Когда за гостьей хлопнула старая дверь из скрипучего дуба, ровесника Катаклизма, Елена вздохнула с облегчением, а Гу бросился отливать в один из тазиков с мертвой плотью. Похоже, бедняга сдерживался из последних сил, не решаясь ни покинуть представление, ни опорожниться при высокородной даме. Впрочем, даже с поправкой на жалость, выглядело ссанье в белесые кишки непристойно и гадко, так что Елена порадовалась — не ей это выносить, да и день закончился, наконец. Меж тем Грызун почему-то не спешил вслед за госпожой. Мурье сделал пару шагов к столу, и Елена поняла, наконец, кто перед ней.

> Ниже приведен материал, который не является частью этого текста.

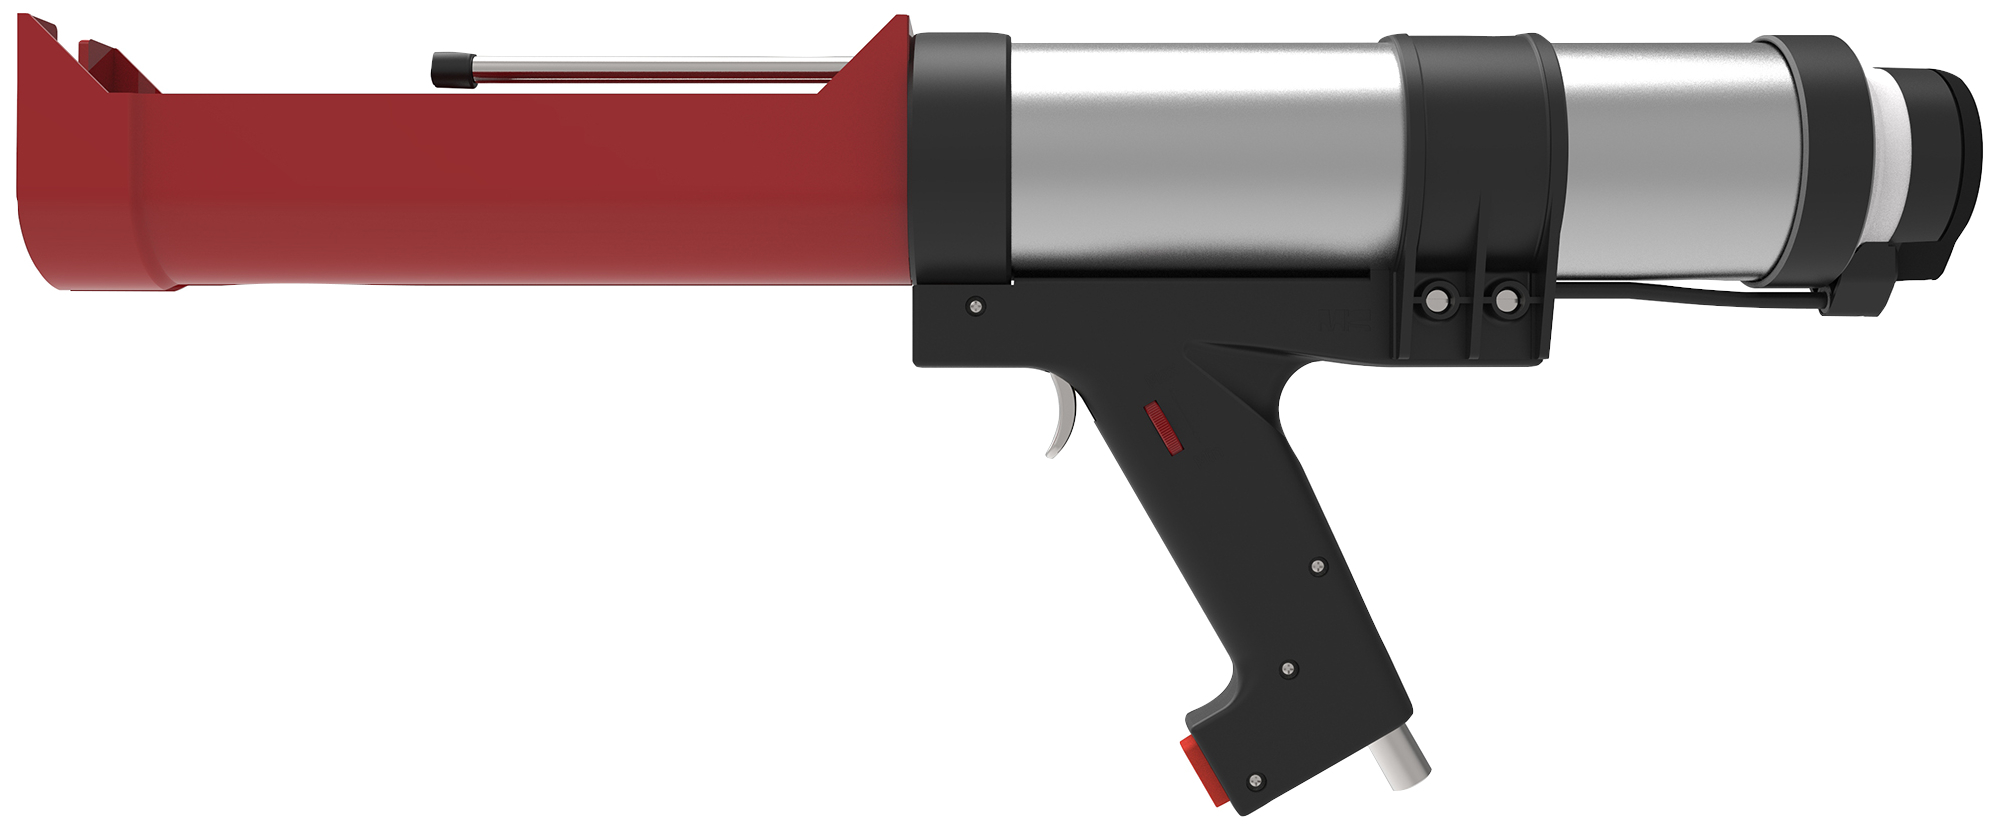 fischer Pistola pneumatica FIS AP per ancorante chimico (1 Pz.) Pistola pneumatica.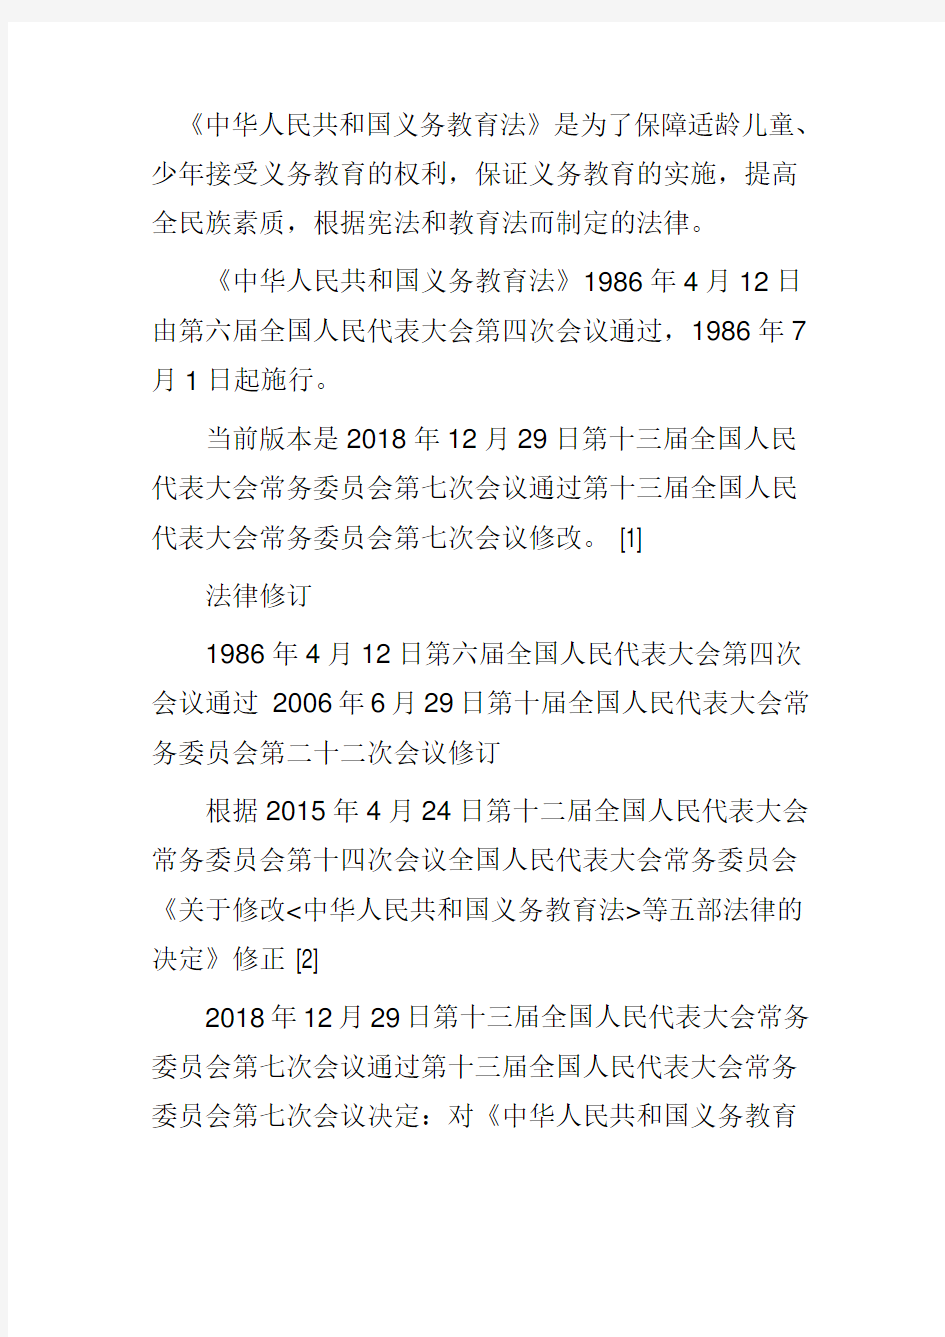 《中华人民共和国义务教育法》是为了保障适龄儿童、

Для высокородного господина отсчитывать сколь-нибудь серьезные деньги в уплату за что-либо считалось невместным, это роднило его с негоциантом или, боже упаси, лавочником. Нет, правильным было швырнуть сразу кошелек, демонстрируя широту души и презрение к «железу купцов». Многие так и делали, причем зачастую даже не зная, сколько монет внутри. Более практичные заранее отсчитывали нужные суммы, раскладывали по кошелькам, а кошельки зашивали или опечатывали. Именно такие «банковские упаковки» висели на поясе Грызуна, что выдавало в нем человека доверенного, а в сочетании с оружием — телохранителя или начальника охраны.